In another of the prophetic visions that came to her while studying Scripture, the Lord “did reveal himself to me, sitting upon a throne of justice, and all the world appearing before him.” He said to her that “though I must come to New England, yet I must not fear nor be dismayed. The Lord spake this to me with a strong hand, and instructed me that I should not walk in the way of this people here.”
These revelations, which she experienced as divine gifts, must have given her strength as she approached sleep on that harrowing Tuesday night in November 1637. “No man has any power over my body, neither can he do me any harm, for I am in the hands of the eternal Jehovah, my savior,” she believed, according to her remarks in court the next day. “I am at his appointment. The bounds of my habitation are cast in heaven. No further do I esteem of any mortal man than creatures in his hand. I fear none but the great Jehovah, which hath foretold me of these things, and I do verily believe that he will deliver me.”
The next morning the sun rose over Massachusetts Bay Colony at about twenty to seven. It came, like the ships that bore the settlers from England, from over the ocean. Winter stars lingered in the night sky even as the sun approached. Migrating geese lined the ice on the river named for the Catholic-leaning monarch from whom the Puritans had run. Deer and coyote roamed the forest, which spread north, west, and south. Wolves slept in caves in the snow. With the sun’s arrival on Wednesday, November 8, 1637, the sky over the house where Anne slept—if indeed she did sleep—went from black of night to indigo blue to pale gray and then to the almost white light of a late fall New England day.

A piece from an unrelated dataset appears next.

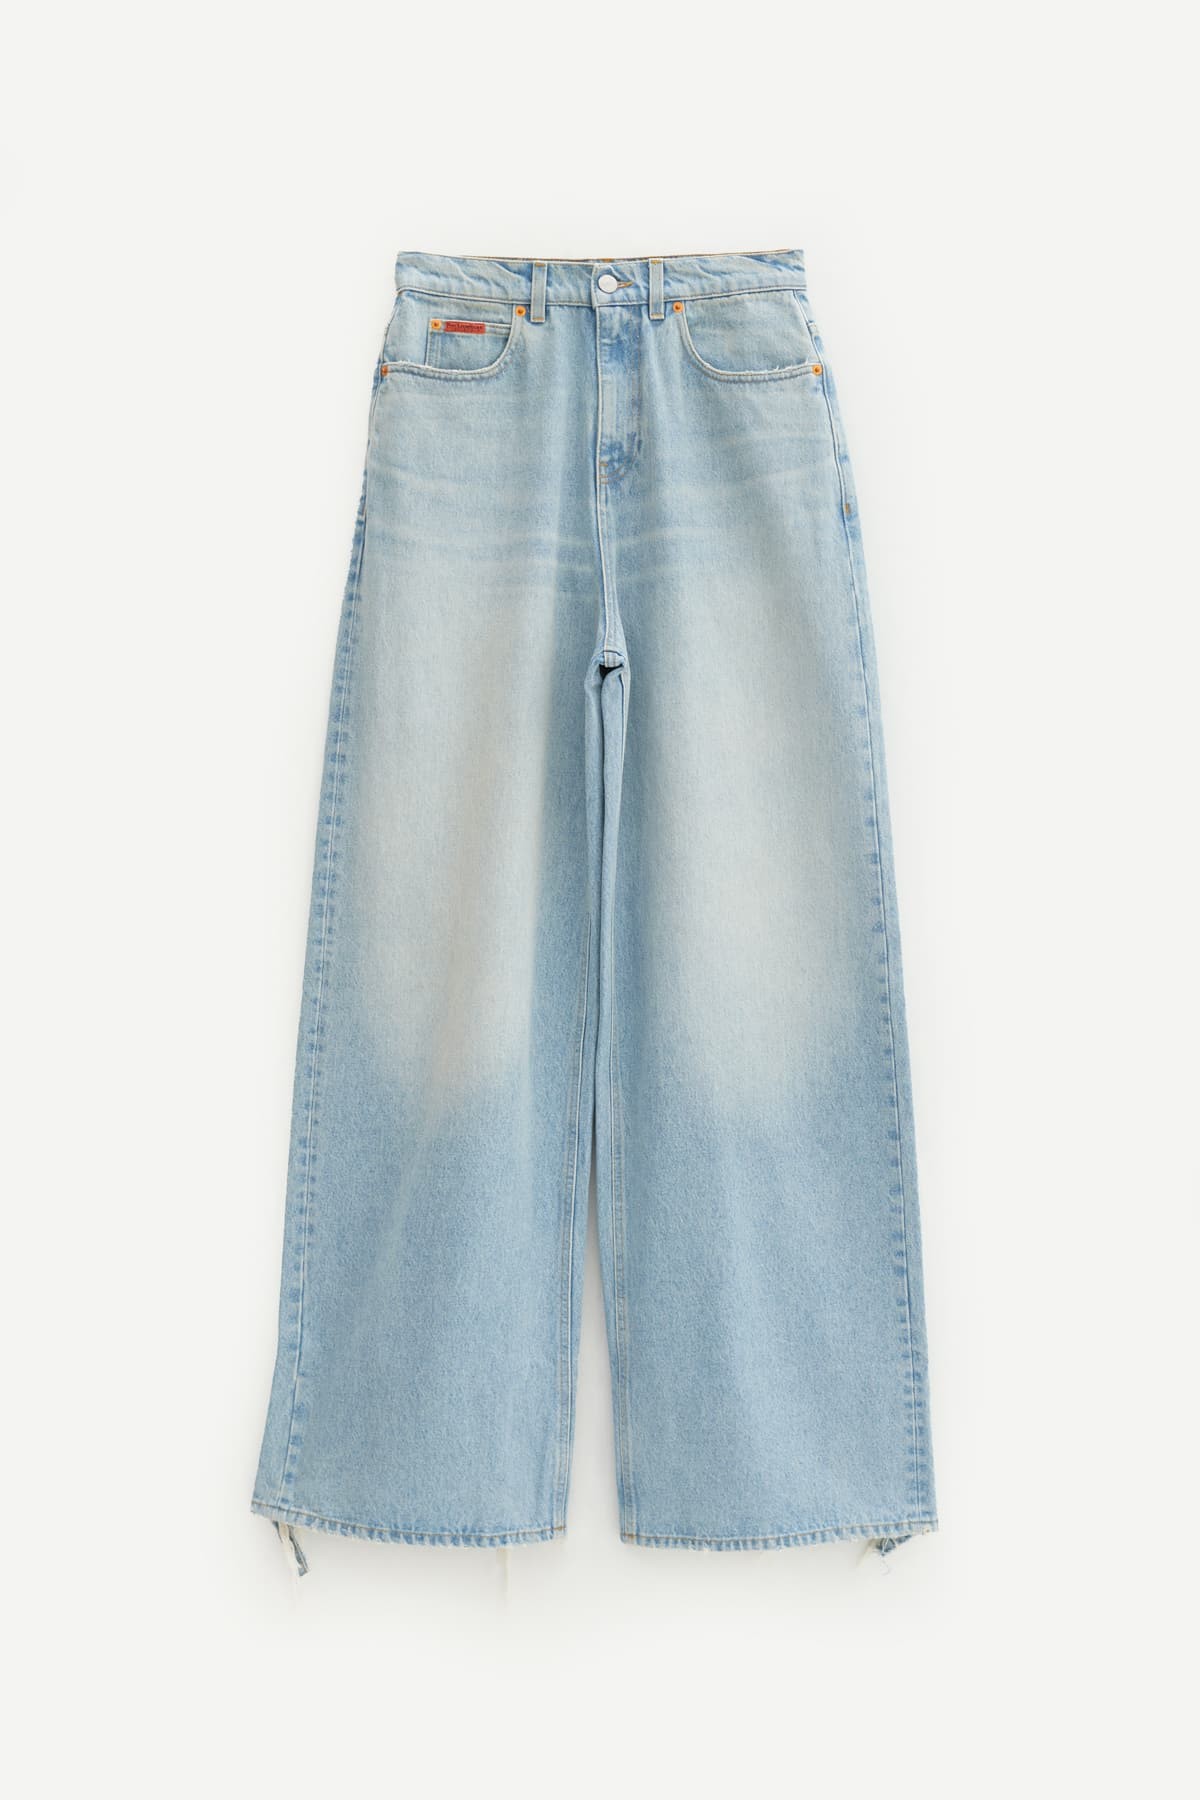 MARTINE ROSE BLEACHED WASH EXTENDED WIDE LEG JEANS IAMNUE

Stepping out the door of a house in Cambridge that morning, Anne would have been reminded at once that she was not at home. The streets of Cambridge, unlike the crooked roads of Boston, were neat and perpendicular. There were no seagulls cawing, as there were on the Shawmut Peninsula. From here she could not see the ocean to which she now awoke every dawn, the three hills of Boston, and her warm house with her beloved children in it. They were several miles to the east, where the still-dark sky glowed yellow.

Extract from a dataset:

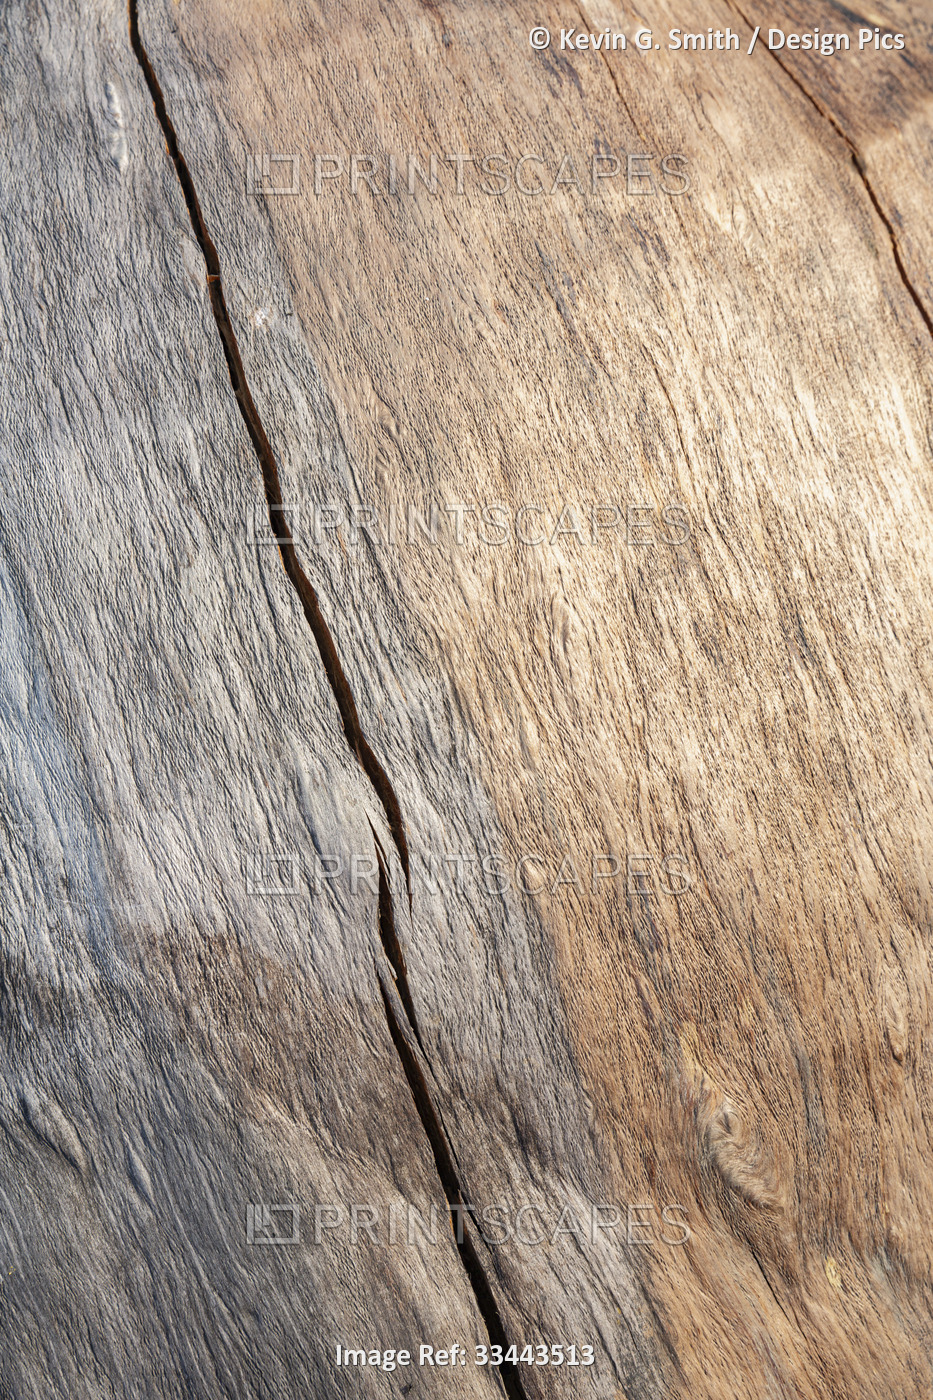 Close-up detail of weathered wood grain pattern in a spruce burl in Summer, ...

At the time, coastal Massachusetts was a wilderness of forest, meadow, and swamp. Much of the swamp has been filled in to expand the land, and in our day the forests are different from the ones Anne saw. Then they were virgin forests of first-growth hardwoods, so lacking in undergrowth that a horse and rider could gallop through. The arable land near the ocean was inhabited by small groups of Algonquian-speaking natives—of the Wampanoag, Massachuset, Pawtucket, Neponset, and Nauset tribes—whose encampments tended to move with the
seasons, in contrast to the fixed settlements of Europeans. Many of the native Indians, who had cleared much land for planting, had died in recent years of smallpox, which English fishermen had imported to America earlier in the century. Some later English émigrés saw this double “clearing” of the land as a benefice. In the words of the Reverend Cotton Mather of Boston, “The woods were almost cleared of these pernicious creatures to make room for a better growth.”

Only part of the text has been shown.